== What the task asks ==
The line with "prorenata Cosmetic skincare", the line with "Ritratto di Jan", and all lines between them in the material below: return these exactly, and no others.

== Listed records ==
>>>
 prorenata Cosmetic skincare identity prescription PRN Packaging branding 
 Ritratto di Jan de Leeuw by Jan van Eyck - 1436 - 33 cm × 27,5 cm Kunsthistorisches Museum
<<<
>>>
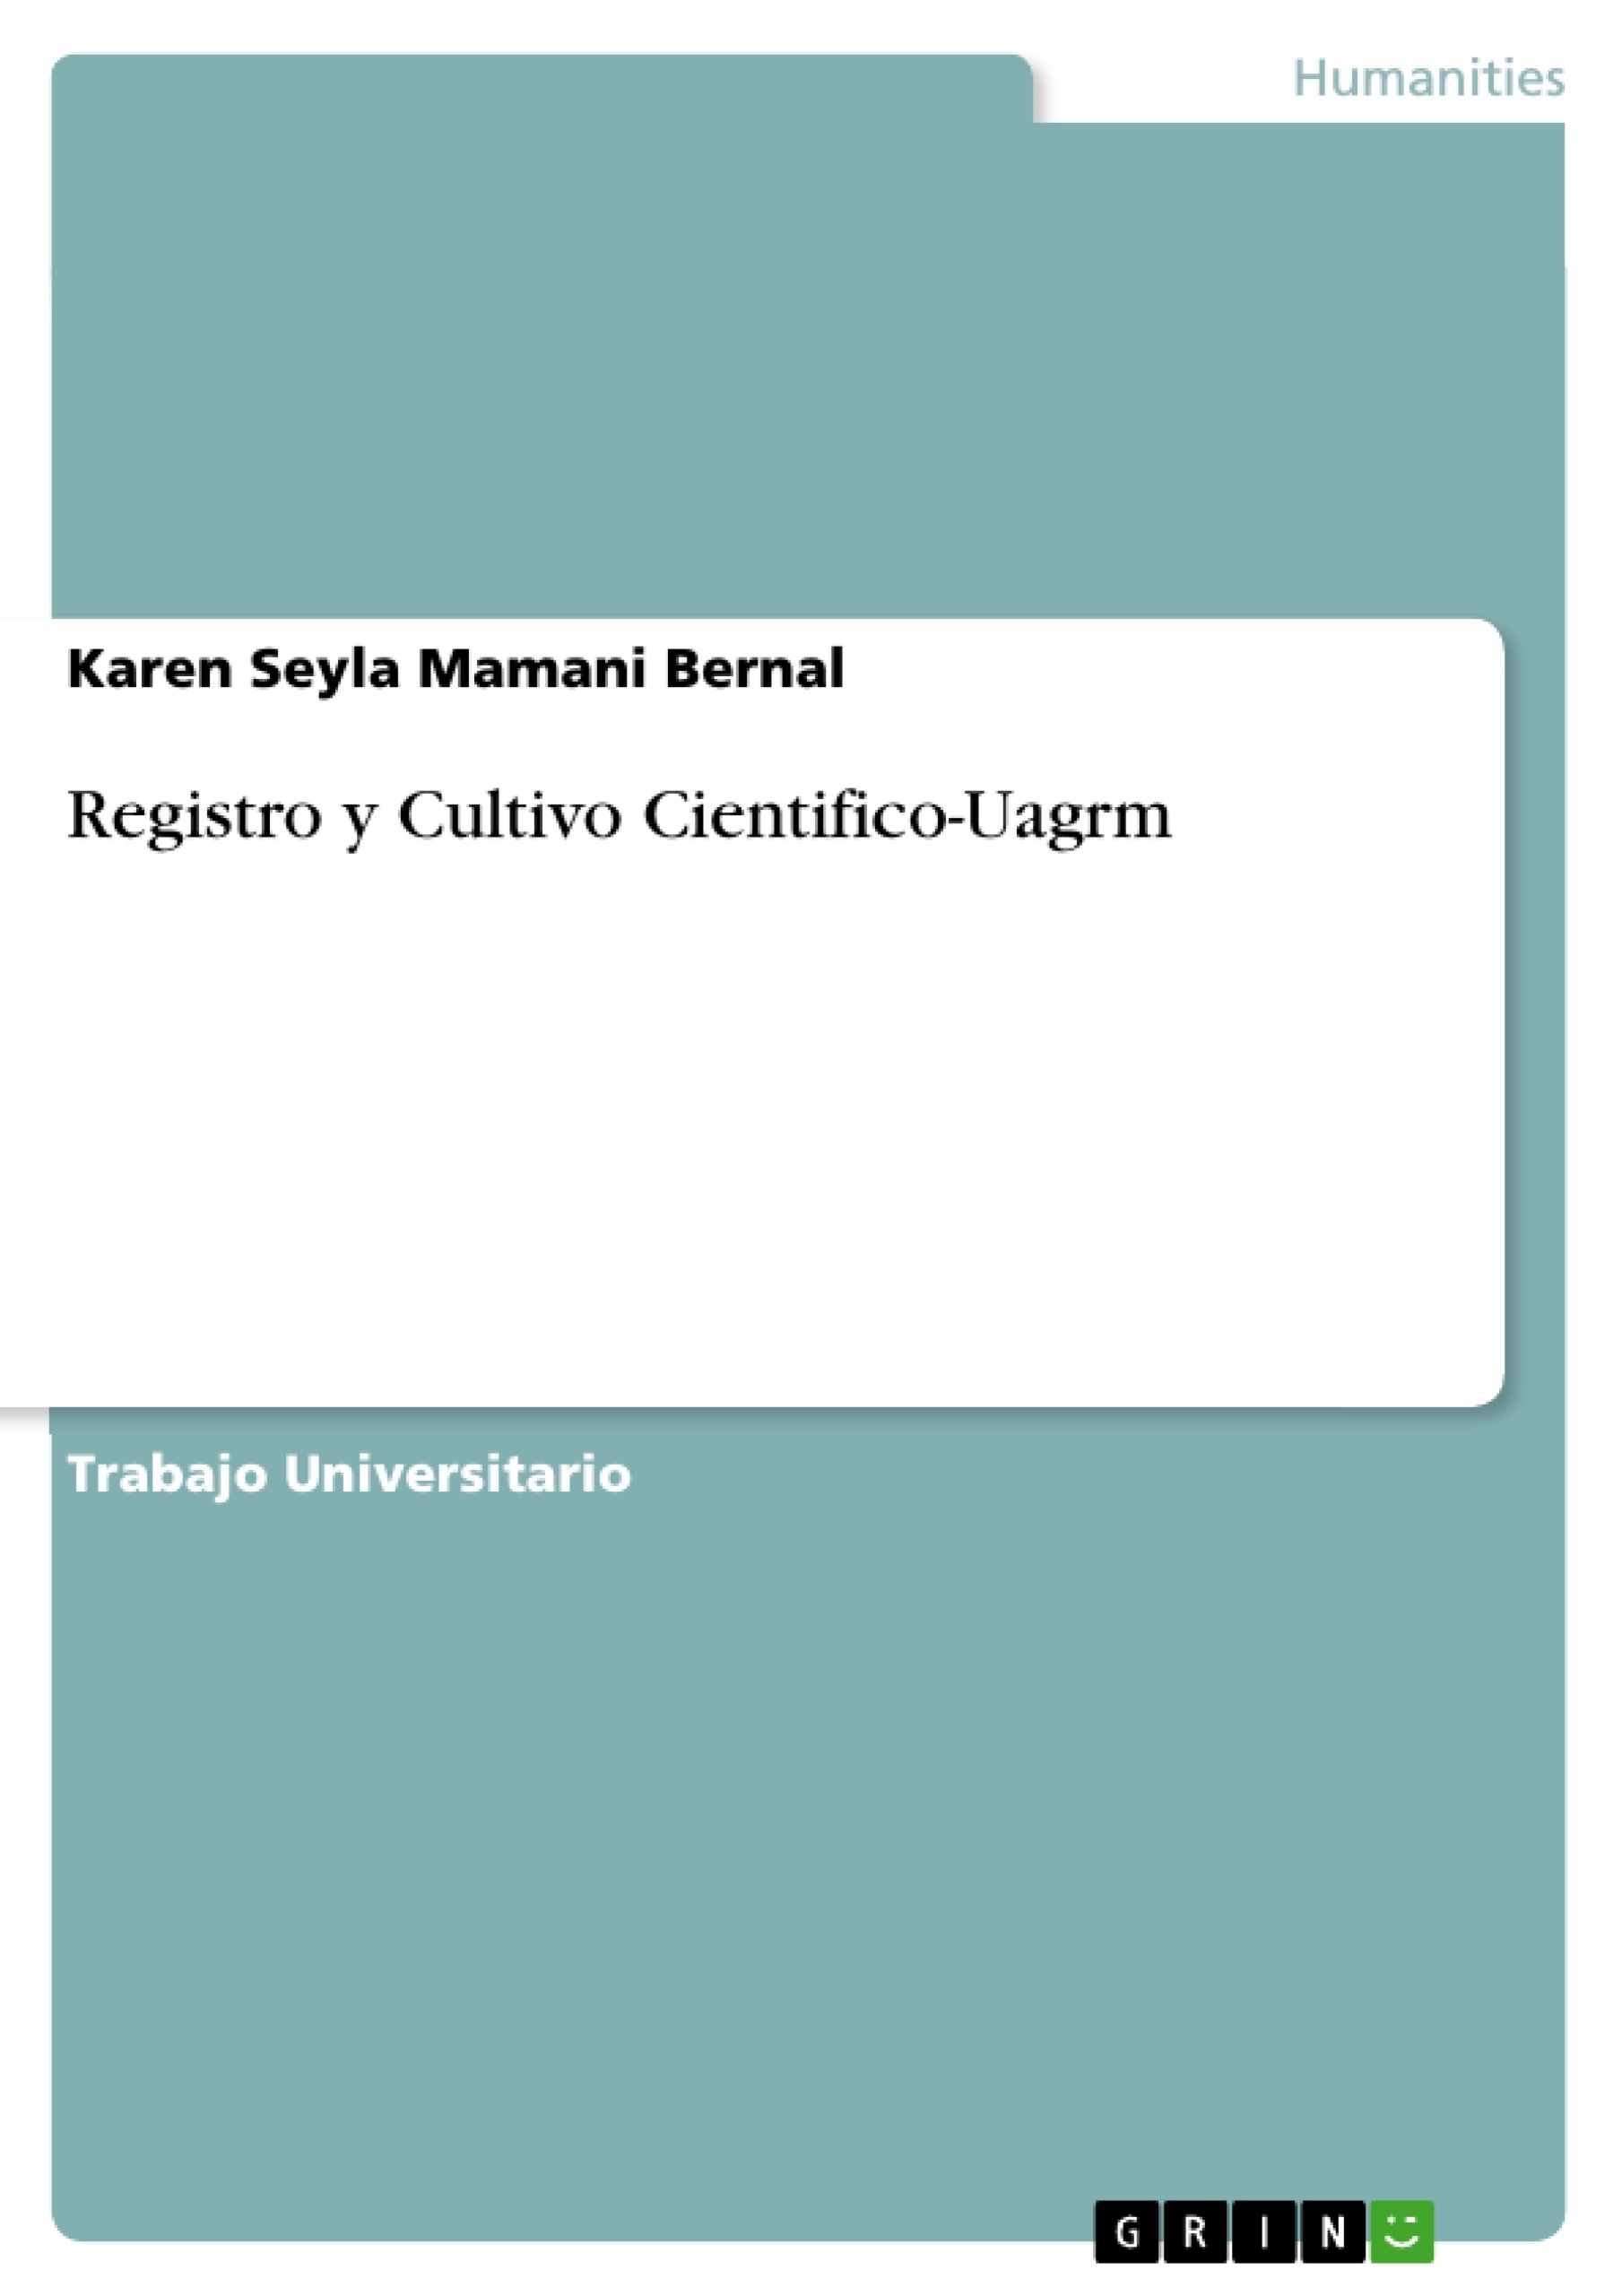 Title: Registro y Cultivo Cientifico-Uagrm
<<<
>>>
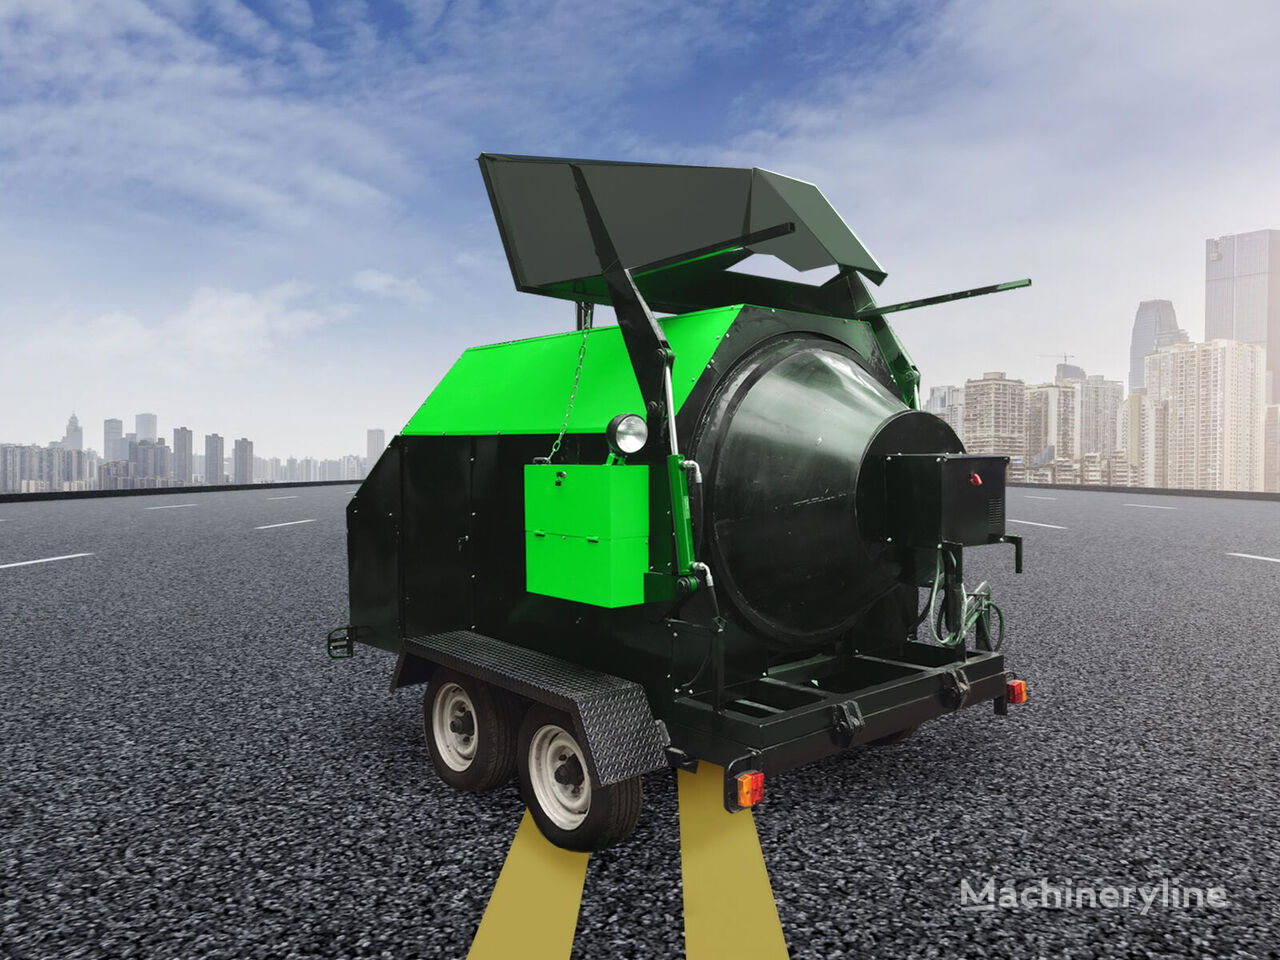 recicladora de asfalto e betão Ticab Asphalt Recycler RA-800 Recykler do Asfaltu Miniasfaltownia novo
<<<
== Task answer ==
 prorenata Cosmetic skincare identity prescription PRN Packaging branding 
 Ritratto di Jan de Leeuw by Jan van Eyck - 1436 - 33 cm × 27,5 cm Kunsthistorisches Museum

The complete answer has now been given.